When Equations (9)–(11) are substituted into Equation (8), $q_w$ is presented as

$$q_w=C_d\frac{A_n{A}_s\eta k{H}^a{v}_o}{\sqrt{A_n^2+A_s^2}}\sqrt{\left|C_{pn}-C_{ps}\right|}$$

(12)

Moreover, when Equations (3), (6) and (12) are substituted into Equation (5), the natural ventilation flow rate is the root of Equation (13).
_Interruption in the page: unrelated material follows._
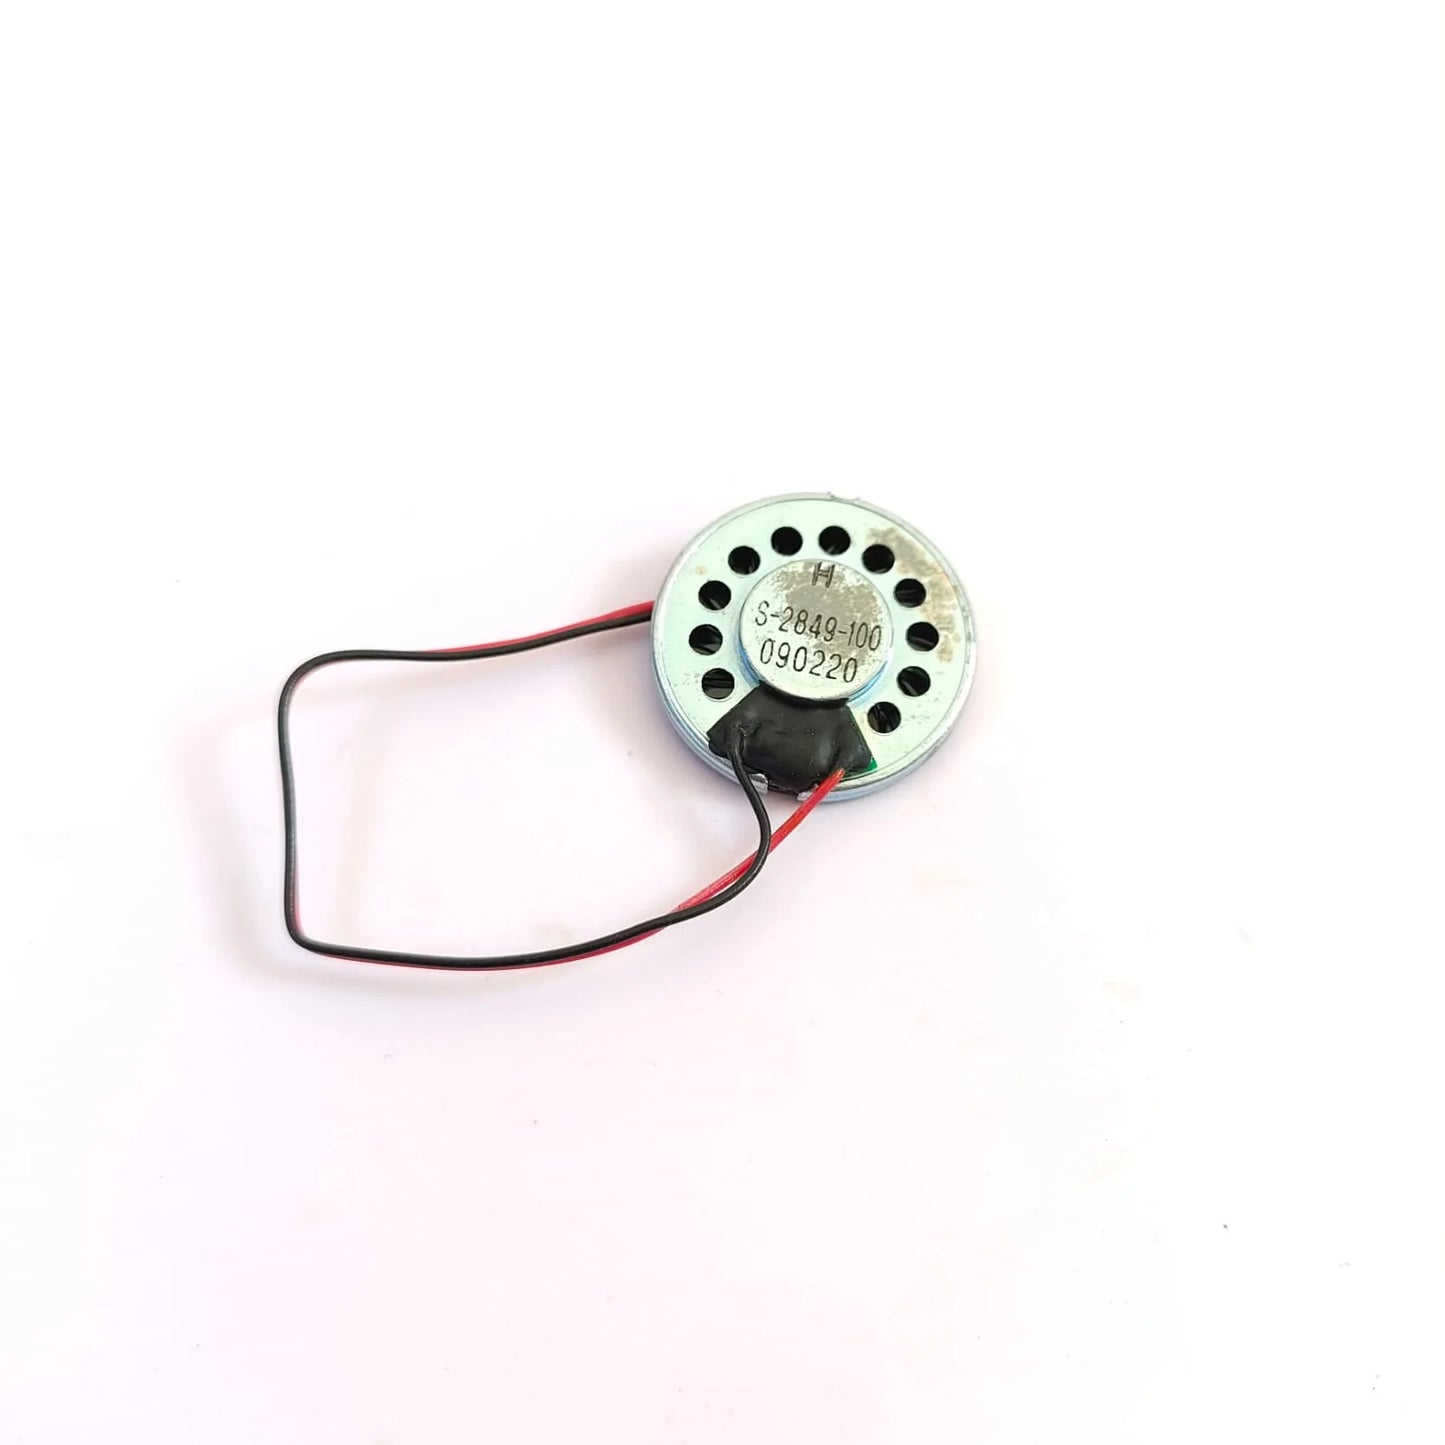 Toy Mobile Phone Speaker for Science Project (Buy 4 & Get Tip-Top Button)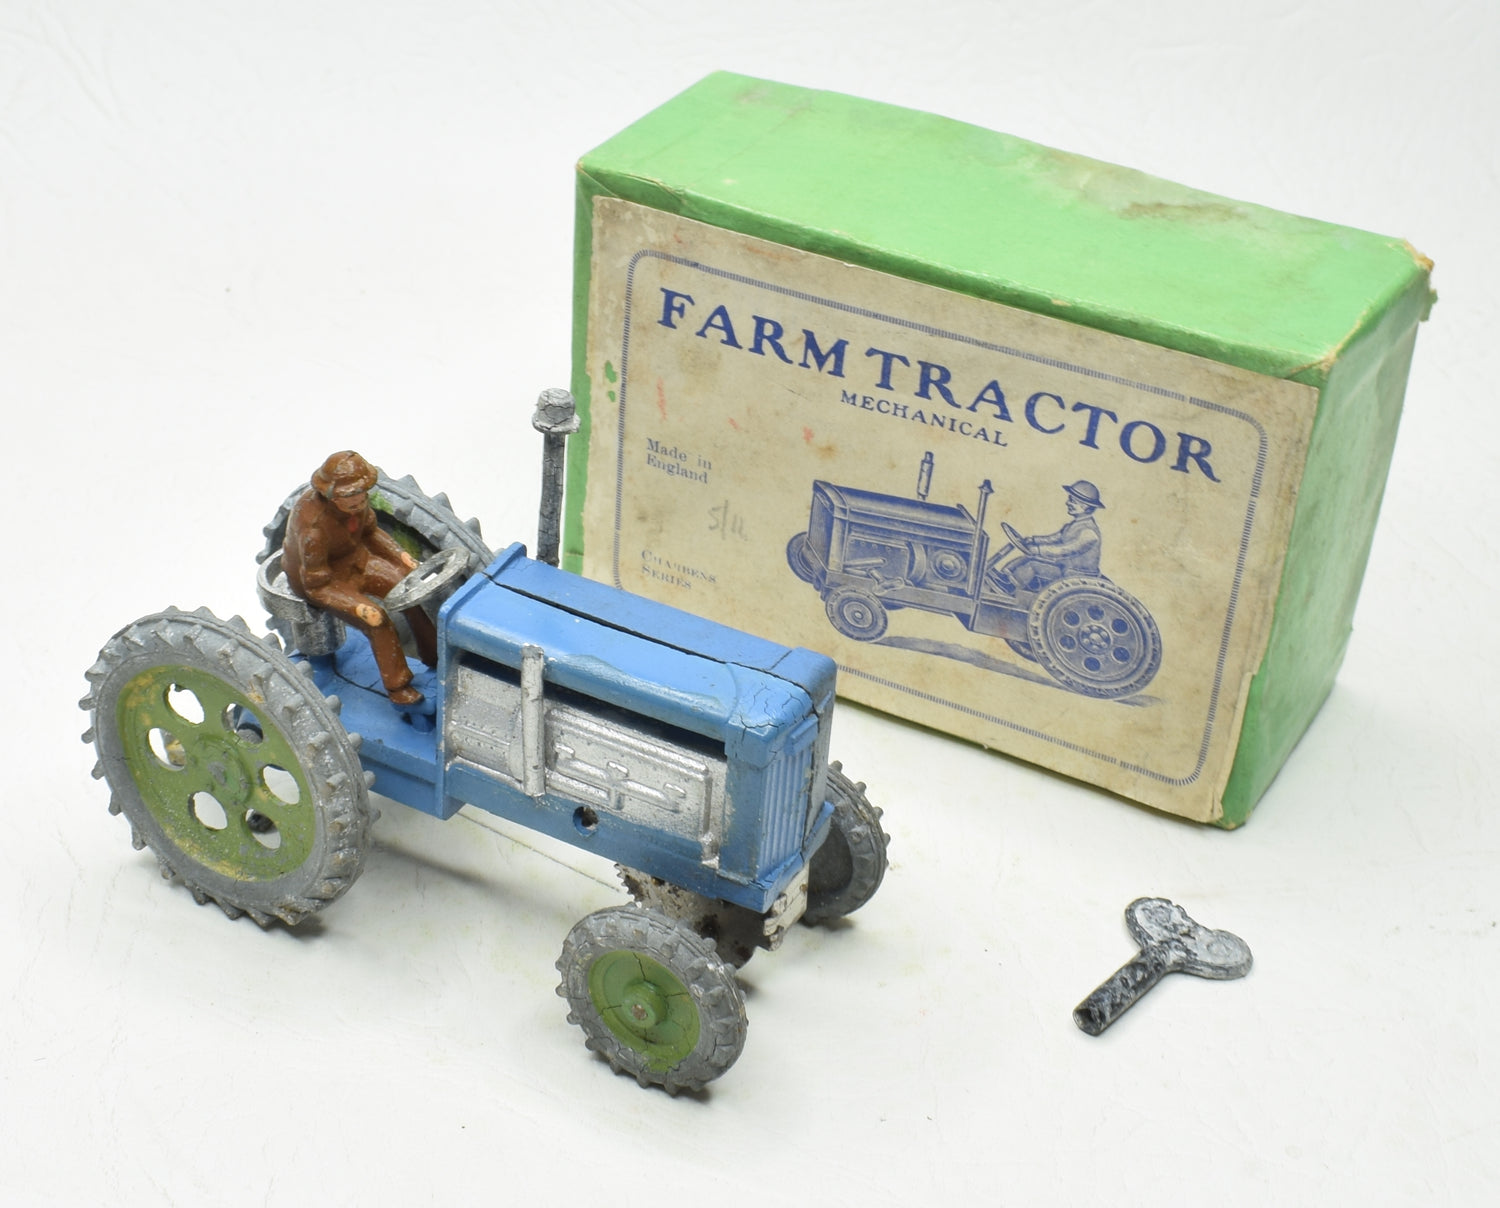 Charben's Mechanical Farm Tractor Near Mint/Boxed (Incredibly rare blue version March 1951)

$$q^3+\mathsf{\alpha }{q}^2-\beta q-\alpha \beta -\gamma =0$$

(13)

where

$$\mathsf{\alpha }=\frac{\sum U_j{A}_j}{\rho C_p}$$

(14)

$$\mathsf{\beta }=\frac{{C_d^{2}A}_n^2{A}_s^2{k}^2{H}^{2a}{\eta }^2{v_o}^2}{A_n^2+A_s^2}\left|C_{pn}-C_{ps}\right|$$

(15)

$$\mathsf{\gamma }=\frac{{C_d^{2}A}_{tot}^{2}gHE}{9\rho C_p{t}_o}$$

(16)

Only one positive root of Equation (13) is adopted, as follows:

$$q=\frac{\omega }{6}+\frac{6\beta +2{\alpha }^2}{3\omega }-\frac{\alpha }{3}$$

(17)

where

$$\mathsf{\omega }=\sqrt[3]{\frac{72\alpha \beta +108\gamma -8{\alpha }^3}{12\sqrt{-12{\beta }^3+24{\alpha }^2+{\beta }^2-12\beta {\alpha }^4+108\alpha \beta \gamma +81{\gamma }^2-12{\gamma \alpha }^3}}}$$

(18)

A basic natural ventilation building model has been established. The values of other basic parameters are taken from the design standard, as shown in

Table 1. Summary of input parameters.

Input Parameter	Value
$A_n=A_s$	30 m2
$C_d$	0.61
$a$	0.17
$C_p$	1.005 kJ/kg·m3
$U_{ceiling}$	0.48 W/m2·K
$A_f$	60 m2
$\rho$	1.2 kg/m3
$N_p$	9
$\lambda$	0.9
$\eta$	0.4
$\mathrm{k}$	0.68
$E_i$	588 W
$U_{wall}$	1.5 W/m2·K

. According to climate data and the parameters in this table, the natural ventilation flow rate can be calculated.

(2)

Constraints in model

The purpose of natural ventilation is to meet human thermal comfort requirements, and the impact of air pollution on NVP is significant. When indoor thermal comfort or air quality cannot meet the standards, natural ventilation cannot be accepted. These hours are called unacceptable natural ventilation hours (NVh). In this part, we introduce two constraints into our model, which are the thermal comfort standard and indoor air quality standard, to filter out unacceptable NVh from our result. Here, we consider adaptive thermal comfort and PM_2.5 as the representative air pollution as two constraints.

(a)

Thermal comfort

According to Richard and Gail, people have higher heat adaptation in naturally ventilated buildings than in air-conditioned areas [42]. With different outdoor temperatures, the range of comfortable indoor temperatures is different [43]. In many previous studies, the Adapted Comfort Standard (ACS) [42] is used to evaluate the thermal comfort in naturally ventilated buildings [22,44]. Equation (19) presents the relation between comfort temperature ($t_{comf}$, °C) and mean monthly outdoor air temperature ($t_{out}$, °C).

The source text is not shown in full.